The president later huddled with National Security Adviser Tom Donilon, Ambassador Karl Eikenberry, and Gen. David Petraeus, the top U.S. commander in Afghanistan.
It was unclear whether U.S. concerns with the Karzai government publicised this week by the website WikiLeaks were discussed. Two of the cables paint an unflattering portrait of President Karzai's half brother, Ahmed Wali Karzai, who has been accused of dealing in drugs.
Prior to the latest WikiLeaks disclosures, Petraeus met with the Afghan president in an effort to ease tensions. Karzai had told the Washington Post that he would like to scale back the U.S. military presence in his nation, and criticised it as "intrusive" while calling Special Operations raids a problem. In response, Petraeus told Karzai aides that the president's view could make his relationship with the United States "untenable."
Obama's remarks offered a more positive assessment of the situation on the ground than he has in some time, influenced perhaps by the optimism expressed in recent weeks by his commanding general, Gen.
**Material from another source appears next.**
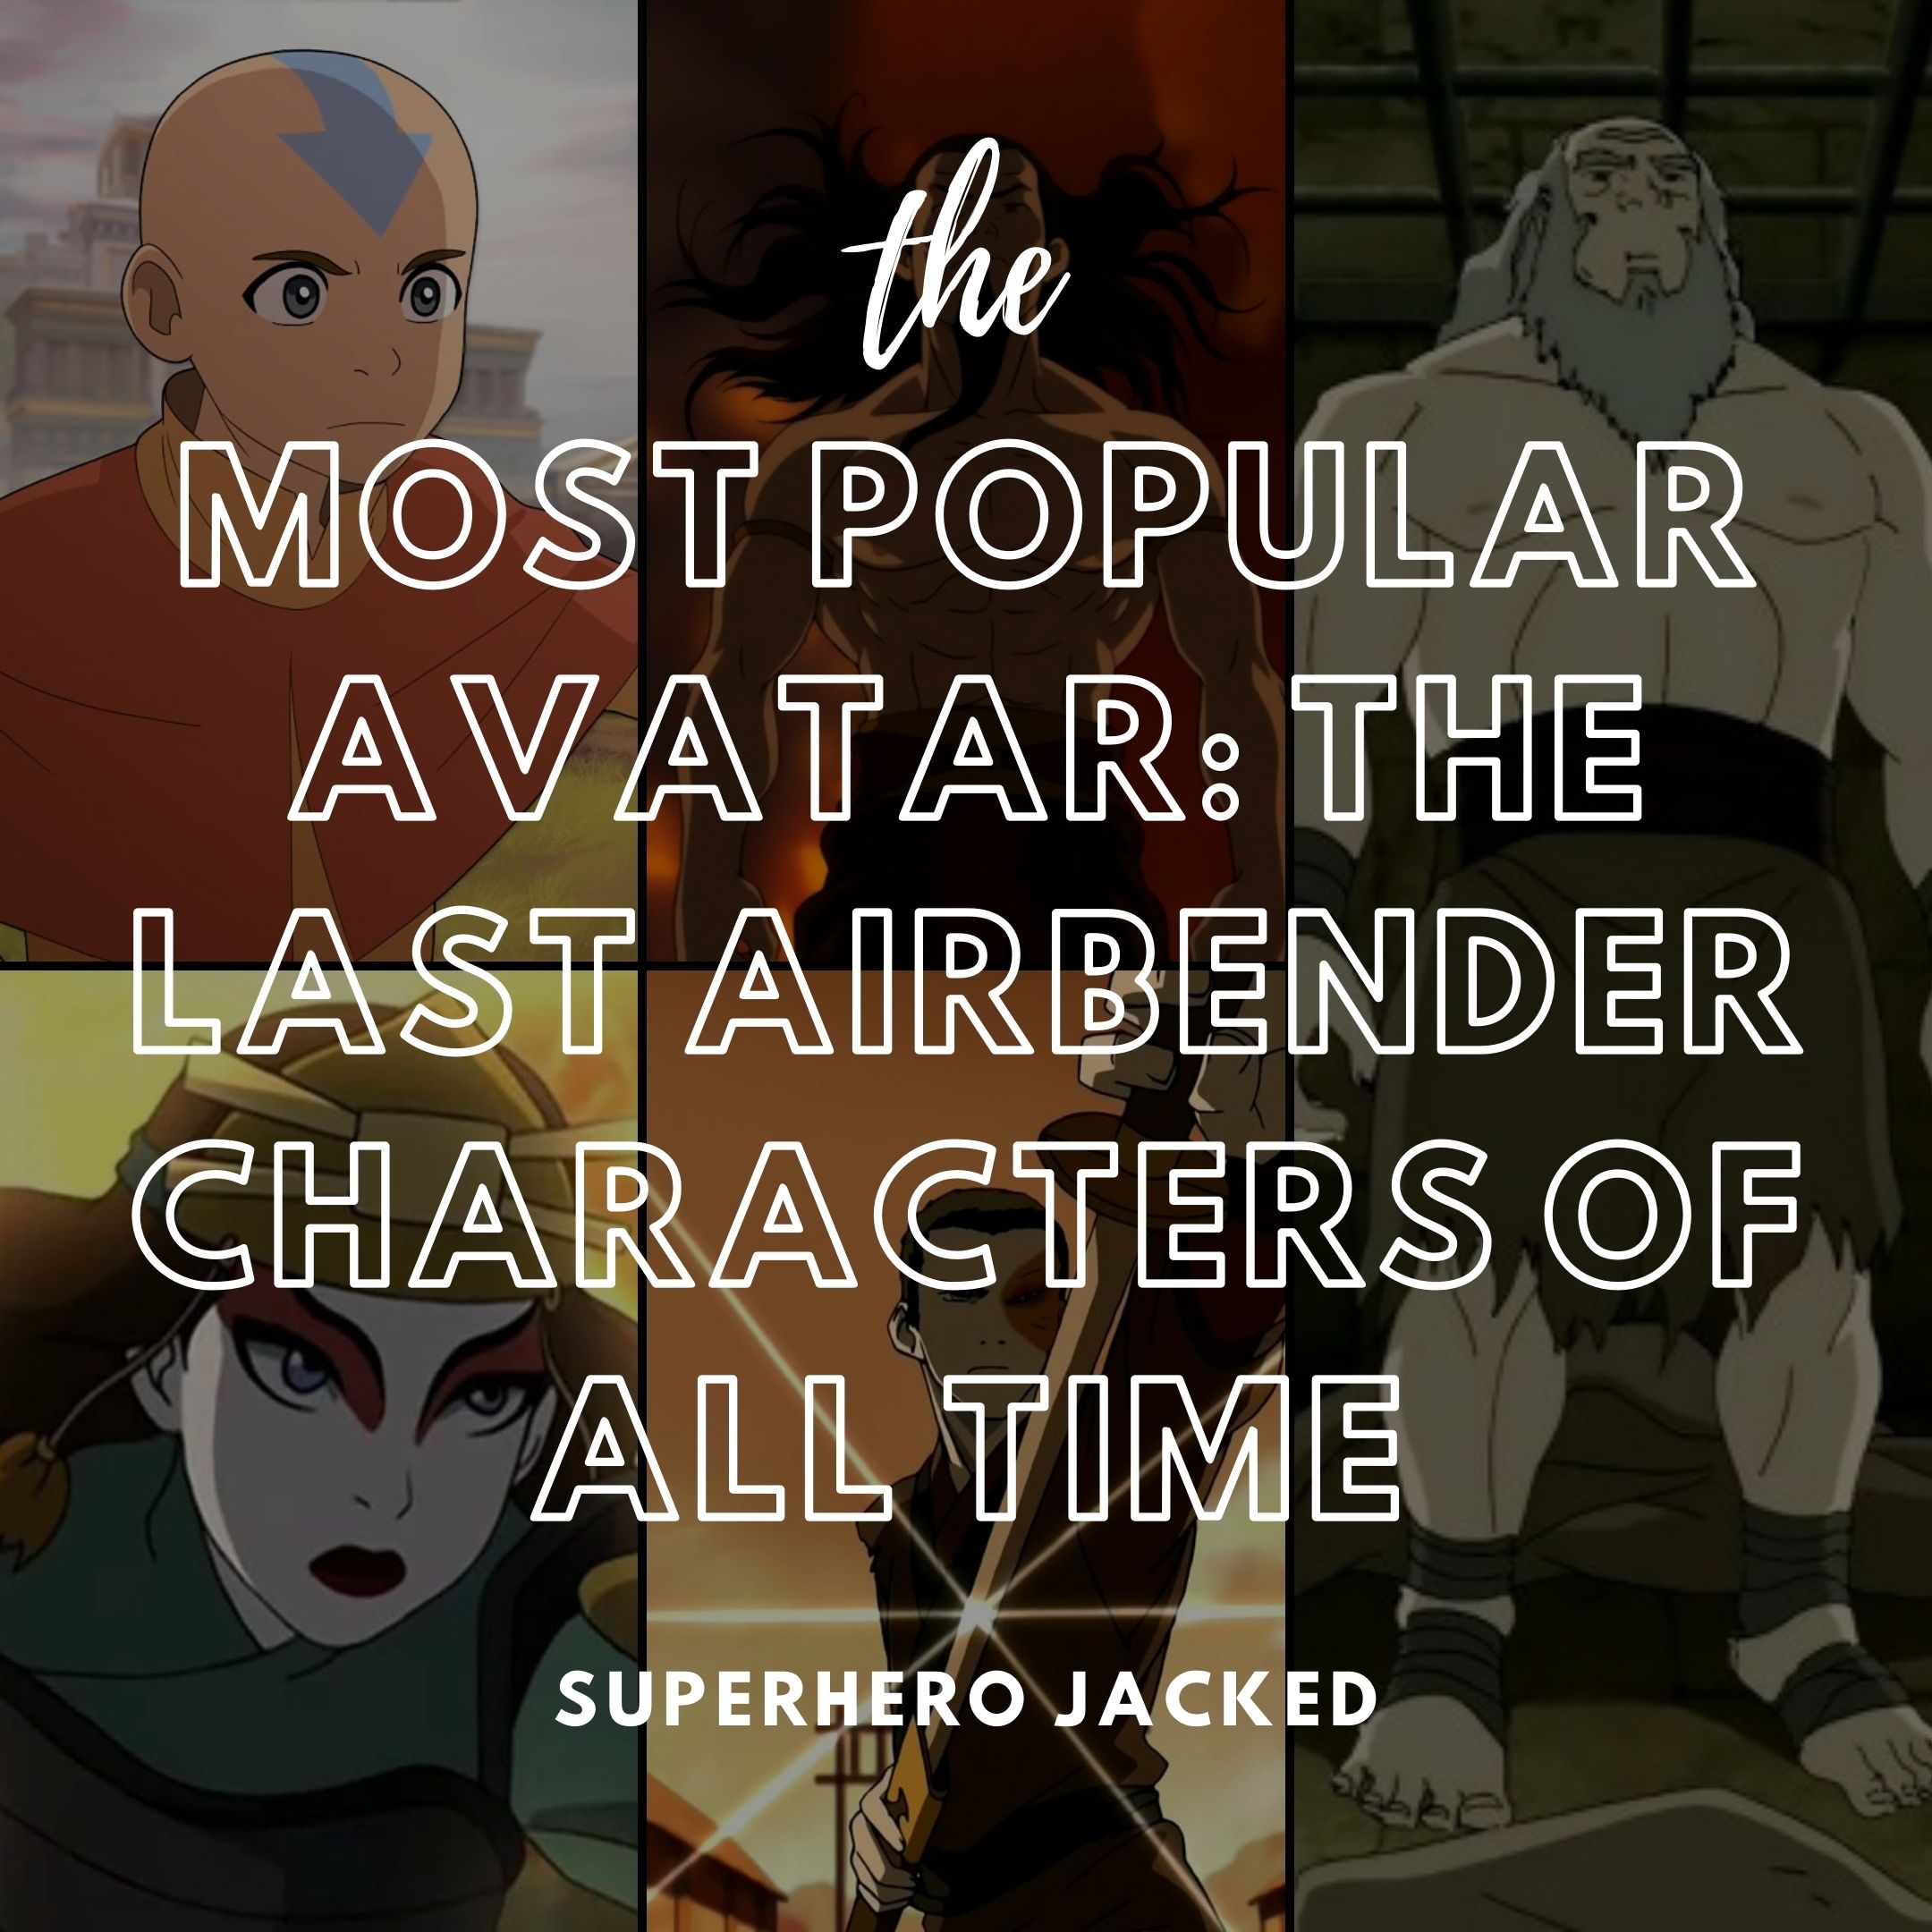 Avatar The Last Airbender  Which female character from the Avatar  universe inspires you most  Facebook

David H. Petraeus. American military forces have tripled, to 100,000, on Obama's watch, and he has vowed to begin reducing the number of troops next July.
But others in Washington and Kabul have been more sceptical of the claims of progress, noting the unabated and pervasive corruption of Karzai's government, the resilience of the insurgency despite escalated attacks and the debacle of recent peace talks that turned out to be held not with a senior Taliban leader but an impostor.

Barrister Harun ur Rashid is a former Bangladesh Ambassador to the UN, Geneva.